Format change in query of parent causes child model to be classified as indirectly modified
Problem
Changed formatting of the query of parent model causes child model to be classified as indirectly modified. Depending on the model kind this may cause unnecessary backfilling of the child.
Instead the expected behavior would be that a metadata change of the parent model wouldn't lead to the child model to be classified as indirectly modified.
sqlmesh==0.227.1
Reproducible example
Using the demo example project sqlmesh_example created with sqlmesh init.
Setup: Execute sqlmesh plan to create the prod environment
Change model DDL
"Obvious" metadata changes such as adding description and audit to the model DDL is classified as expected.

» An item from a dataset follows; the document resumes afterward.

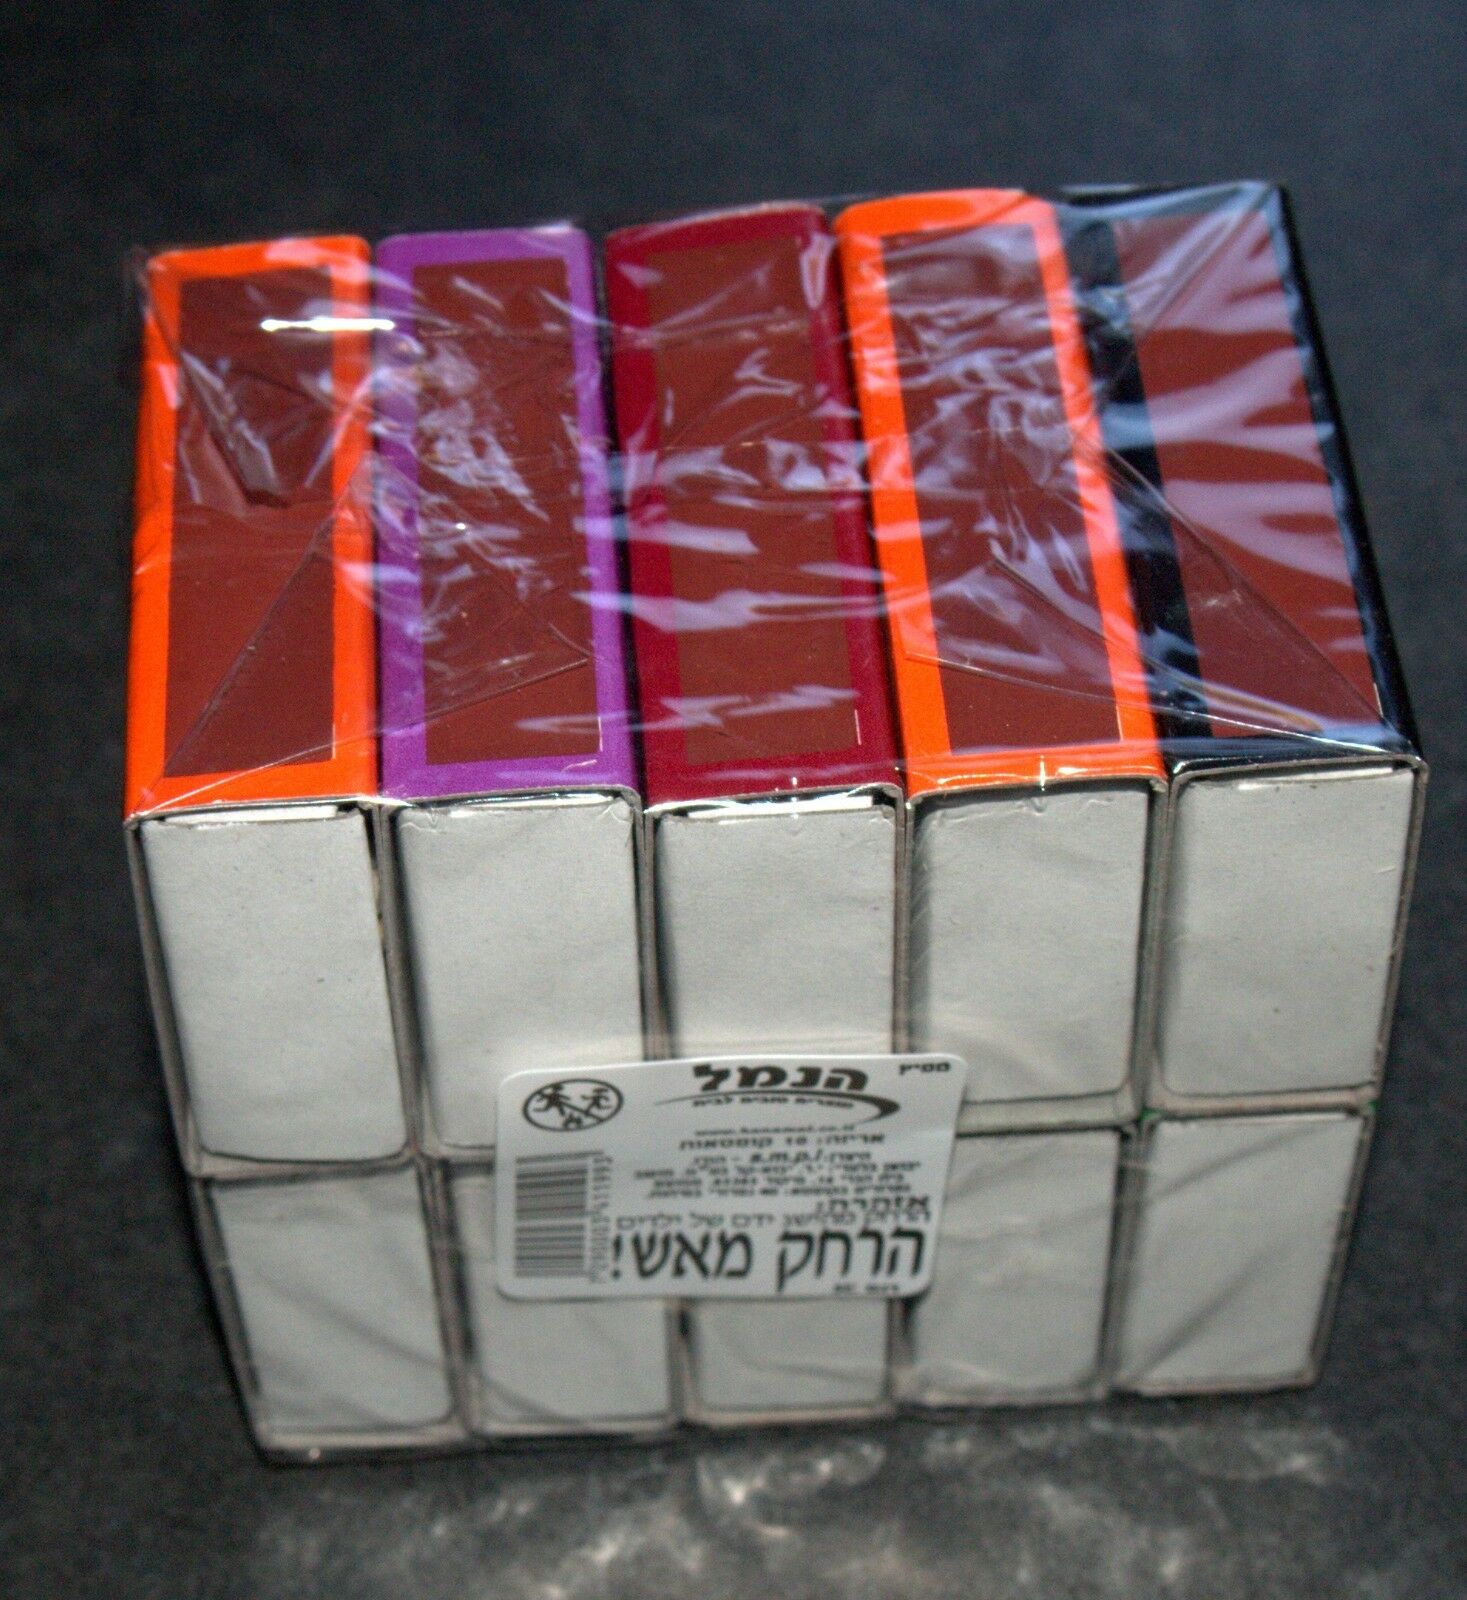 10 Matchboxes For Judaica Shabbat Holiday Match Box Holder 2" X 1.4"

Making the following change to sqlmesh_example.incremental_model:
MODEL (
name sqlmesh_example.incremental_model,
kind INCREMENTAL_BY_TIME_RANGE (
time_column event_date
),
start '2020-01-01',
cron '@daily',
grain (id, event_date),
description "My incremental model",
audits NOT_NULL(columns:=(id)),
);
SELECT
id,
item_id,
event_date,
FROM
sqlmesh_example.seed_model
WHERE
event_date BETWEEN @start_date AND @end_date
Doing a plan:
sqlmesh plan
Terminal log:
.
======================================================================
Successfully Ran 1 tests against duckdb in 0.05 seconds.
----------------------------------------------------------------------
Differences from the `prod` environment:
Models:
└── Metadata Updated:
└── sqlmesh_example.incremental_model
---
+++
@@ -10,6 +10,9 @@
on_destructive_change 'ERROR',
on_additive_change 'ALLOW'
),
+ audits (NOT_NULL('columns' = (
+ id
+ ))),
grains ((id, event_date))
)
SELECT
Metadata Updated: sqlmesh_example.incremental_model
Apply - Virtual Update [y/n]: y
SKIP: No physical layer updates to perform
[1/1] sqlmesh_example.incremental_model [insert 2020-01-01 - 2025-11-02, audits ✔1] 0.01s
Auditing models ━━━━━━━━━━━━━━━━━━━━━━━━━━━━━━━━━━━━━━━━ 100.0% • 1/1 • 0:00:00
✔ Model batches executed
SKIP: No model batches to execute
Updating virtual layer ━━━━━━━━━━━━━━━━━━━━━━━━━━━━━━━━━━━━━━━━ 100.0% • 2/2 • 0:00:00
✔ Virtual layer updated
Changing query format
Adding some innocent whitespace to the query between id and the comma is classified as a metadata change and the sqlmesh_example.full_model is classified as indirectly modified:
MODEL (
name sqlmesh_example.incremental_model,
kind INCREMENTAL_BY_TIME_RANGE (
time_column event_date
),
start '2020-01-01',
cron '@daily',
grain (id, event_date),
description "My incremental model",
audits NOT_NULL(columns:=(id)),
);
SELECT
id ,
item_id,
event_date,
FROM
sqlmesh_example.seed_model
WHERE
event_date BETWEEN @start_date AND @end_date
Doing sqlmesh plan results in the following terminal log:
.
======================================================================
Successfully Ran 1 tests against duckdb in 0.05 seconds.
----------------------------------------------------------------------
Differences from the `prod` environment:
Models:
├── Indirectly Modified:
│ └── sqlmesh_example.full_model
└── Metadata Updated:
└── sqlmesh_example.incremental_model
Metadata Updated: sqlmesh_example.incremental_model
Apply - Virtual Update [y/n]: y
SKIP: No physical layer updates to perform
SKIP: No model batches to execute
Updating virtual layer ━━━━━━━━━━━━━━━━━━━━━━━━━━━━━━━━━━━━━━━━ 100.0% • 2/2 • 0:00:00
✔ Virtual layer updated
We suspect this is a bug and that it was introduced in https://github.com/TobikoData/sqlmesh/pull/5256, particularly that is_indirectly_changed() should take into account if changes in the parent data hash are in fact metadata changes only.
@izeigerman